En efecto, el Tribunal, luego de valorar las pruebas documentales, concluyó que la decisión censurada debía ser confirmada, toda vez que el reclamante, no probó que ejercía actos posesorios sobre el inmueble cautelado.
Para arribar a tal conclusión, expresó lo siguiente:
«Examinado el asunto sub judice, a la luz de los anteriores derroteros, no cabe duda que el planteamiento invocado por el recurrente está llamado al fracaso.

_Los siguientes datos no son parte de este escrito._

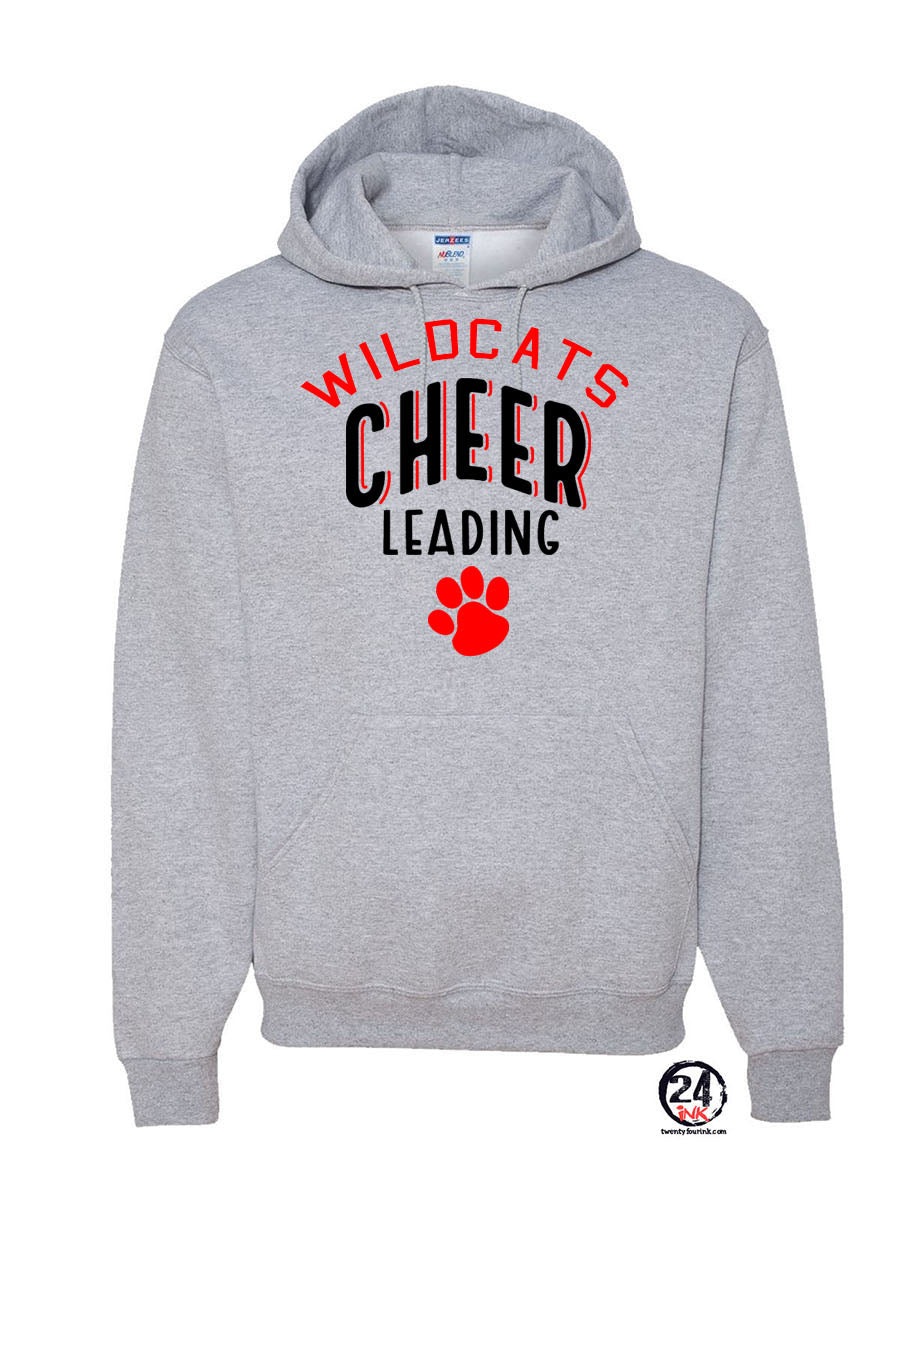 Wildcats cheer Design 5 Hooded Sweatshirt

4.1 De un lado, si en cuenta tenemos que en el interrogatorio que se le efectuó, sostuvo que «hace 14 años mi padre quien ocupaba este predio JOSÉ EDUARDO DÍAZ DÍAZ, se marchó abandonando la familia y él fue la persona que me dejó aquí, yo quedé a cargo de todo»; lo que indica que ingresó bajo el amparo de su progenitor y por lo mismo importante era dilucidar bajo que contexto aquél entró al inmueble, empero tal situación no se aclaró; y al interrogarle sobre tal situación por medio de diversas preguntas indirectas, como sí conocía que su padre era arrendatario, pagaba cánones en ese sentido y la existencia de un contrato de arrendamiento, se limitó a manifestar que las desconocía.
Entonces, no cabe duda que era obligación del recurrente probar las circunstancias de modo, tiempo y lugar en que comenzó a ejercer la legitima posesión, esto es, el animus que no puede derivarse de su padre; y en vista, de que en todo caso, según lo manifestó, su ingresó devino de la relación parental, incumbía acudir a la figura de la interversión del título, para poderse determinar la fecha exacta en que tal situación aconteció. »
Luego indicó:
…. De otro lado, se recuerda que el pago de servicios públicos de un predio, amén de «…las obras de mantenimiento, conservación y mejoras ejecutadas por los actores, ello sería por sí insuficiente para derruir la providencia, pues tales obras son actos equívocos, en tanto, la conservación del bien y la introducción de mejoras, es una conducta esperada del tenedor que disfruta el bien a título gratuito…» motivo por el cual las documentales en ese sentido adosadas resultan exiguos, para dar cuenta que tal condición existía.
Y en lo que toca con la radicación de la demanda de prescripción adquisitiva de dominio, la misma no permite tener como demostrado y menos inferir la condición de poseedor que dice ostenta el recurrente, en tanto el derecho aun es litigioso y necesita de declaración judicial en ese sentido para que tenga validez, como quiera que en este momento resulta incierto el desarrollo de la litis, máxime que está en un estado incipiente, luego en modo alguno, por el solo hecho de presentar una acción de pertenencia, se puede aducir que tiene la categoría alegada, menos si no hay prueba de que hayan sido puestas a derecho a las personas que aquí hacen parte, para siquiera valorar tal situación como el acto de rebeldía que se requiere por la Ley en aras de entender que desde tal hito se transmutó el título de tenedor a poseedor.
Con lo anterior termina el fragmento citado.